What is being asked: With the first line as the start and the line containing "Richmond Kinder Sweatshirt" as the end, write out every line of the records exactly.

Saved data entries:

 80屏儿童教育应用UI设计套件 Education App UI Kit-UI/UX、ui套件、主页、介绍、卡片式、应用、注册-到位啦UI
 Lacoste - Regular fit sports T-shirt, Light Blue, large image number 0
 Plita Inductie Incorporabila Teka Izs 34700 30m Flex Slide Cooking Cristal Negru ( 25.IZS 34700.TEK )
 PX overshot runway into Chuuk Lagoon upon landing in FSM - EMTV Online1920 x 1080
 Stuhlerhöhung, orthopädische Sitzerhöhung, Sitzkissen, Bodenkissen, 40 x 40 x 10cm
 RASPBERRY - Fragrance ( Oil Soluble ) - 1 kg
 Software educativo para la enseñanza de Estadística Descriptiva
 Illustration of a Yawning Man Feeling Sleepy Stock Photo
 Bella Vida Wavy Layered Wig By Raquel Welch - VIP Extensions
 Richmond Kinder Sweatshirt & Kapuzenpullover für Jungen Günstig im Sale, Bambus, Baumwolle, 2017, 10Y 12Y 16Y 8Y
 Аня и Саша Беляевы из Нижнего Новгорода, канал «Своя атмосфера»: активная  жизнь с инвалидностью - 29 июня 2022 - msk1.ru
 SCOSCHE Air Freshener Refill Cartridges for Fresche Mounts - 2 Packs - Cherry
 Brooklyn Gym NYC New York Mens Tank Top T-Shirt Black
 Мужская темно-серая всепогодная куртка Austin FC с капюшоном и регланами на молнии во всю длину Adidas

Completed task:
 80屏儿童教育应用UI设计套件 Education App UI Kit-UI/UX、ui套件、主页、介绍、卡片式、应用、注册-到位啦UI
 Lacoste - Regular fit sports T-shirt, Light Blue, large image number 0
 Plita Inductie Incorporabila Teka Izs 34700 30m Flex Slide Cooking Cristal Negru ( 25.IZS 34700.TEK )
 PX overshot runway into Chuuk Lagoon upon landing in FSM - EMTV Online1920 x 1080
 Stuhlerhöhung, orthopädische Sitzerhöhung, Sitzkissen, Bodenkissen, 40 x 40 x 10cm
 RASPBERRY - Fragrance ( Oil Soluble ) - 1 kg
 Software educativo para la enseñanza de Estadística Descriptiva
 Illustration of a Yawning Man Feeling Sleepy Stock Photo
 Bella Vida Wavy Layered Wig By Raquel Welch - VIP Extensions
 Richmond Kinder Sweatshirt & Kapuzenpullover für Jungen Günstig im Sale, Bambus, Baumwolle, 2017, 10Y 12Y 16Y 8Y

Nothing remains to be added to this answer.